OftalPro: Conhece o sector português da oftalmologia /ótica? Que diferenças encontra em relação ao angolano?
Rosa Salvaterra: Conheço pouco, mas posso afirmar que a oftalmologia portuguesa tem um nível de excelência. A oftalmologia angolana é emergente e com uma marcante escassez de quadros especializados.

OF: Quais são os problemas de visão mais comuns em Angola/África?
RS: Os principais problemas e os mais comuns em Angola são os defeitos de refração, as infeções, a catarata e o glaucoma. Nos últimos anos temos assistido a um aumento da patologia traumática, devido ao índice elevado da sinistralidade rodoviária, e da retinopatia diabética. A nossa situação enquadra-se na realidade da África subsahariana.

OF: Pode adiantar alguns dados deste país africano, mais especificamente Angola, relativamente ao número de população e ao número de oftalmologistas?

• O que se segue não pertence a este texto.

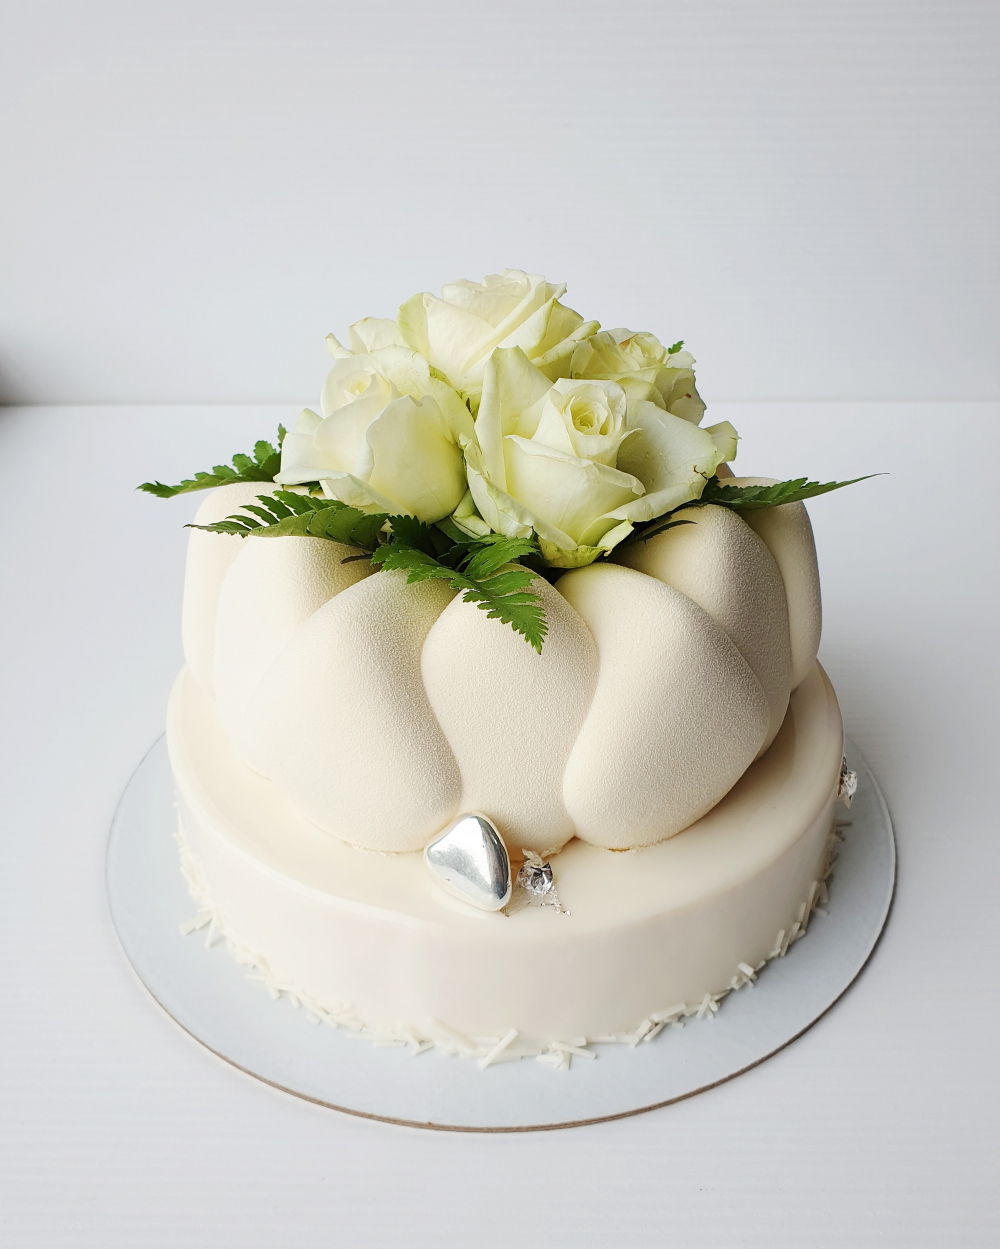 birthday cake, свадебный торт одноярусный, свадебный торт с живыми цветами,  свадебные торты фото одноярусные оригинальные, одноярусный свадебный торт с  живыми цветами, белый торт одноярусный, Свадебный торт Москва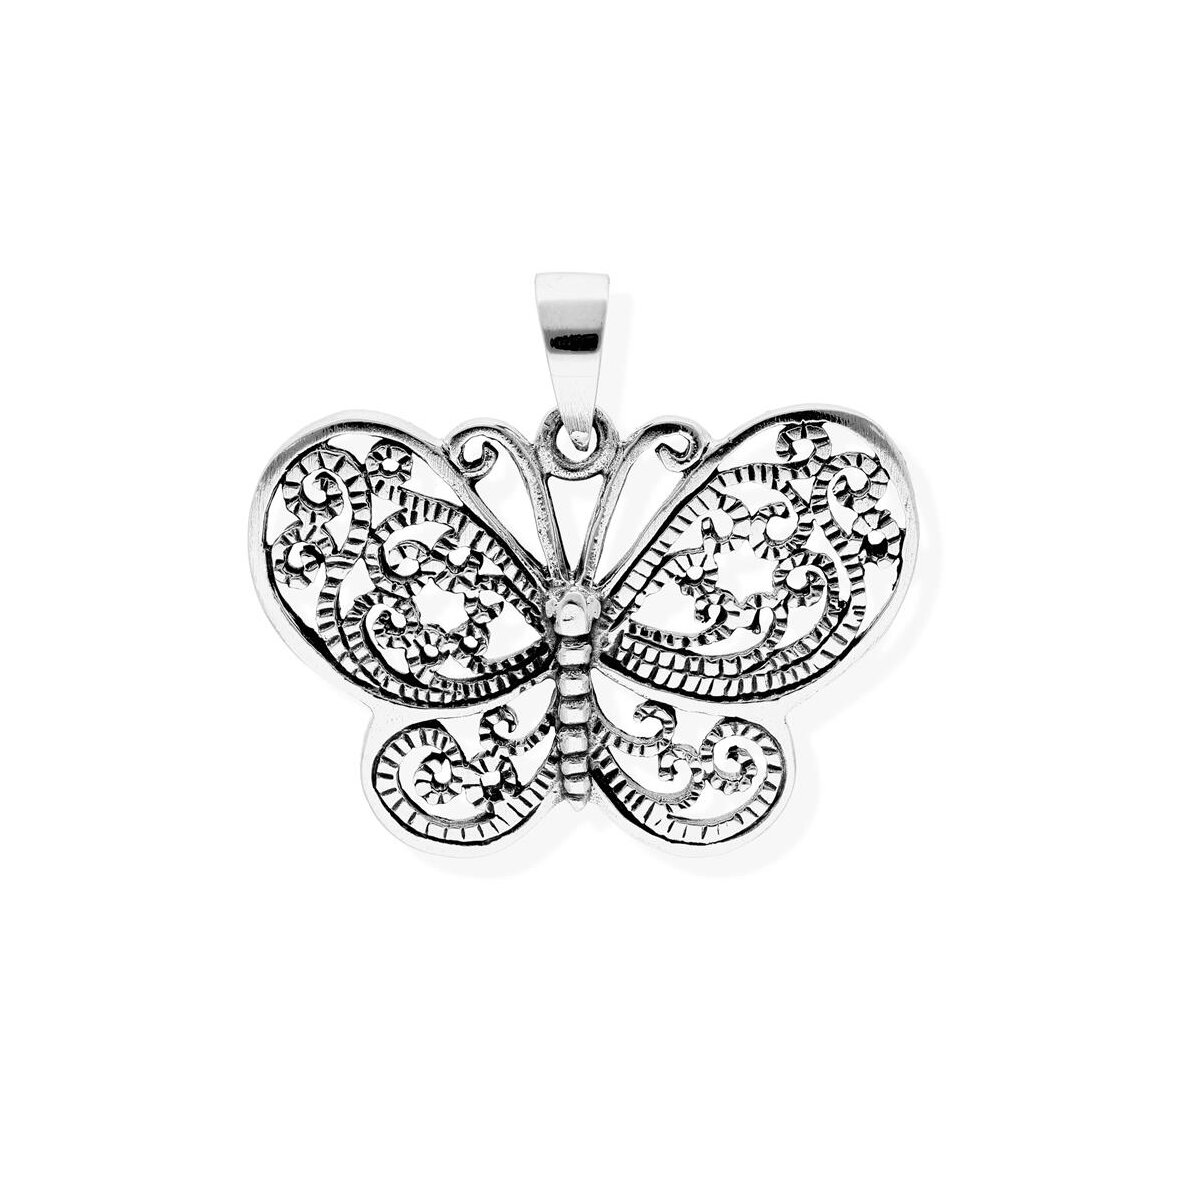 aus Amulett viTalisman Silber 925 geschwärzt Kettenanhänger Sterling symbolisch Unisex 36059 Schmetterling

RS: Há poucos dias, numa sessão institucional, fiz a abordagem desta relação, para ilustrar a dificuldade de aliar quantidade versus qualidade. Segundo dados do censo populacional (2016), Angola possui aproximadamente mais de 25 milhões de habitantes. Até à data presente, o país conta com cerca de 30 médicos oftalmologistas. A assistência médica nesta área conta com a cooperação estrangeira, fundamentalmente cubana. Destacamos que, de acordo com os padrões da OMS, deverá haver uma equipa (5 elementos) para uma população de 100.000 a 1.000.000 de pessoas – a “nível distrital”. Por outro lado, é preciso referir que a oftalmologia é uma especialidade instrumental e, muitas vezes, está o médico mas falta o equipamento e a tutoria para o treinamento, particularmente na área cirúrgica. Sabemos todos que as técnicas cirúrgicas e os equipamentos em oftalmologia estão em constante evolução e o profissional terá que manter um programa permanente de superação.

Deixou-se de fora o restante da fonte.